Unlike alcohol or drug addiction, many people who are food addicted don’t even realize it. They have no idea that there is a chemical component going on in their brain that is fighting tooth and nail to keep them eating the things they know aren’t good for them. Just like a smoker who has tried to quit a hundred times, a food addict will go through the same frustration and sense of defeat when they can’t break the food cycle.

So back to sobriety. Think about this: an alcoholic will always be an alcoholic, whether they are drinking or not. They still have a physical, chemical, and emotional temptation to get their need met by the addiction, to take the shortcut to feeling good. A recovering alcoholic has become convinced that to do so is destructive and that there are other ways to meet their needs. They replaced the alcohol with healthy habits that release “happy hormones” — like regularly working out to release endorphins; creating and reaching healthy goals to release dopamine; developing healthy relationships with healthy boundaries that lead to deep trust to release oxytocin; and getting adequate sleep to build seratonin. Addicts are usually characterized by breakdowns in these four areas, and they are positive things to do that set the foundation for lasting change.

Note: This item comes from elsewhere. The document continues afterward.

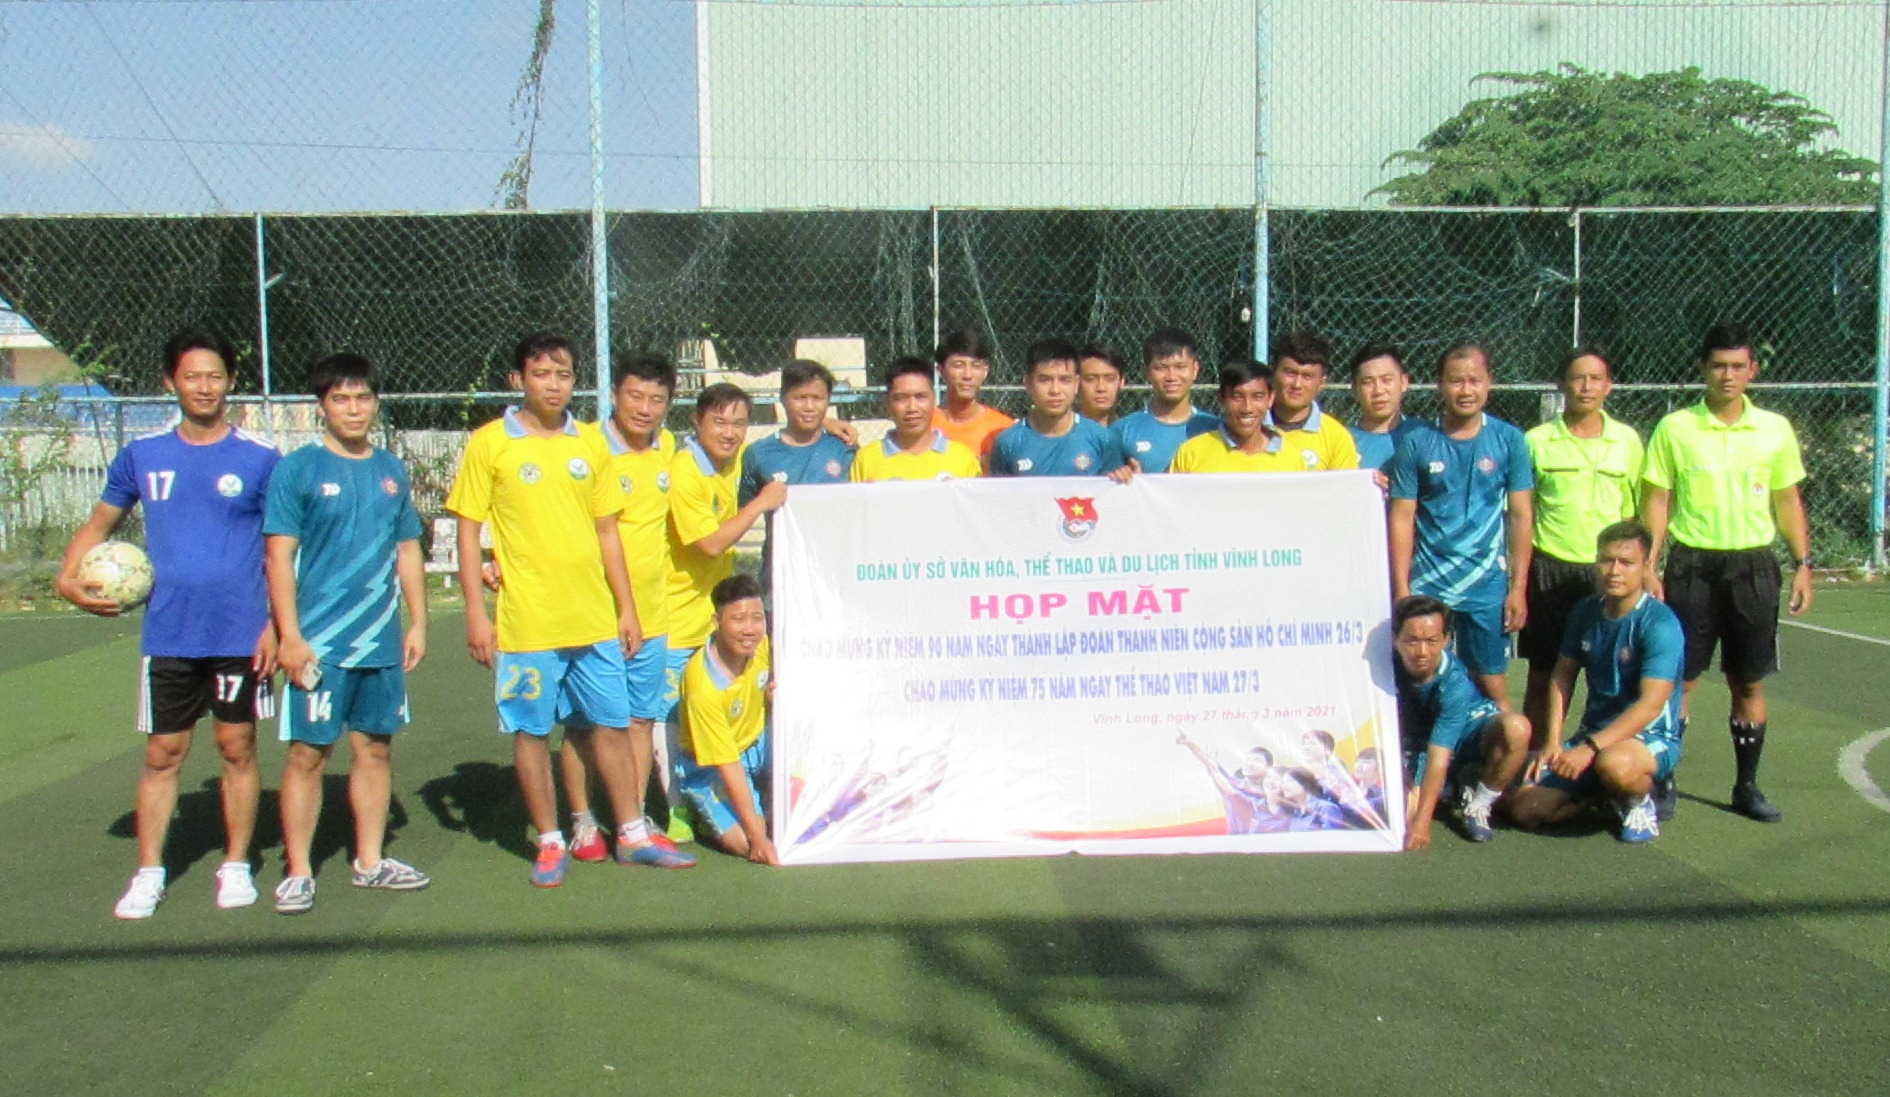 Hoạt động thể thao kỷ niệm Ngày thành lập Đoàn Thanh niên cộng sản Hồ Chí Minh và Ngày Thể thao Việt Nam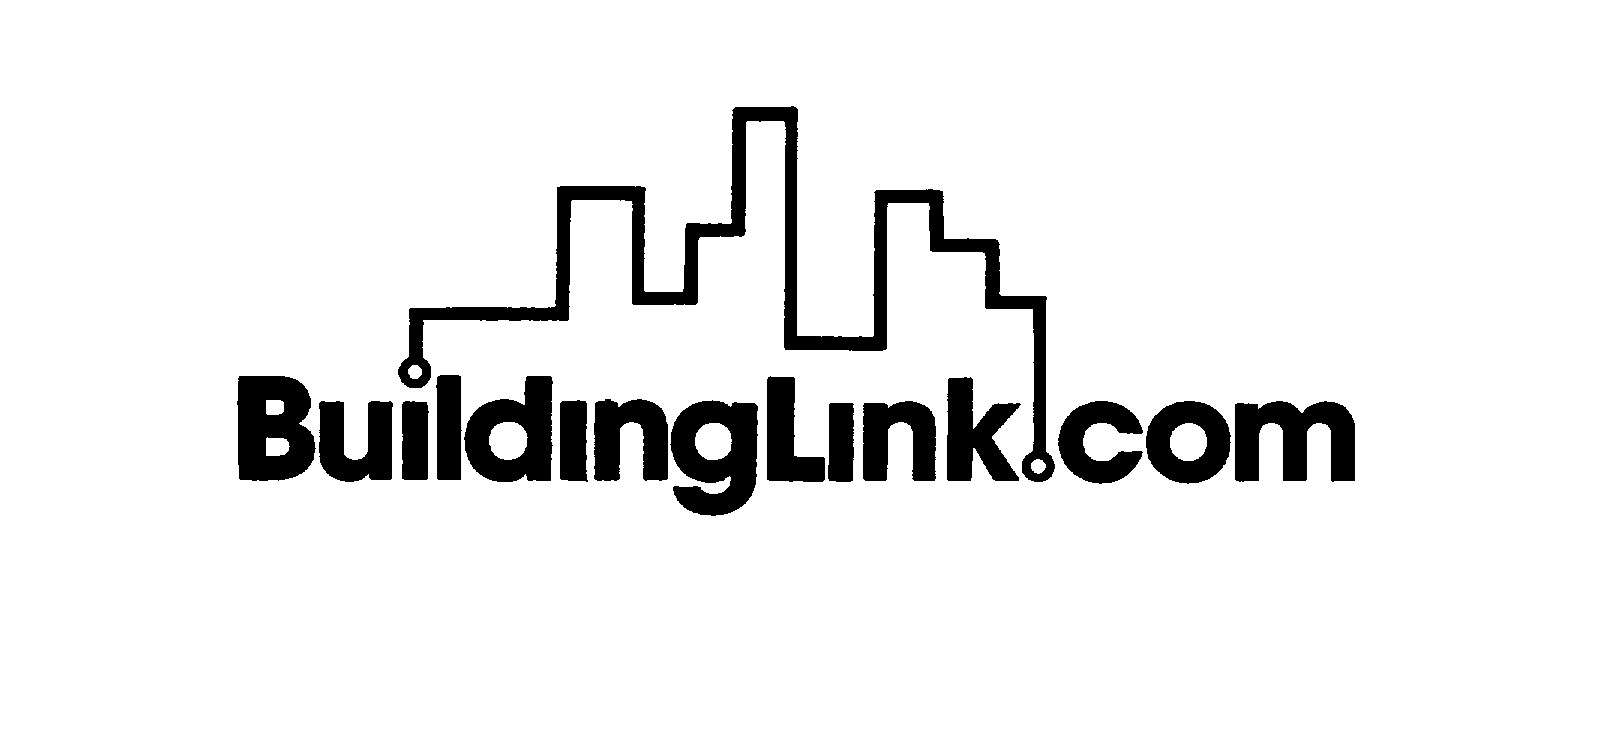  BUILDING LINK.COM

Food addicts often suffer from the same breakdowns in these areas. They don’t exercise, and have an bunch of self-talk excuses as to why. They feel defeated by their addiction and project that defeat to other areas of their lives, so they don’t set healthy goals and actively pursue them. They often have unhealthy interpersonal relationships in their lives, and don’t have the tools to fix those relationships, which result in isolation and a lack of support for their efforts to make positive changes. The combination of all the above results in not making enough time for sleep, insomnia, disturbed dreaming, restless sleep, and not enough REM (deep) sleep.

In order for a food addict to achieve lasting change, they must have support from others who have been where they are. They must develop healthy relationships that build trust, so that they have support when they begin the long road to sobriety.

it’s why I talk so openly about these things. I’ve come to accept the fact that I am addicted to sugar and fats and carbohydrates. That I sometimes fall off the wagon, and that I need help getting back on, that I cannot make lasting change alone. Now that I know I am an addict, I refuse to use that knowledge as an excuse to continue behaving in unhealthy ways. It doesn’t define who I am– it just gives me a handle to know what it is that I struggle with and why I do some of the things I do.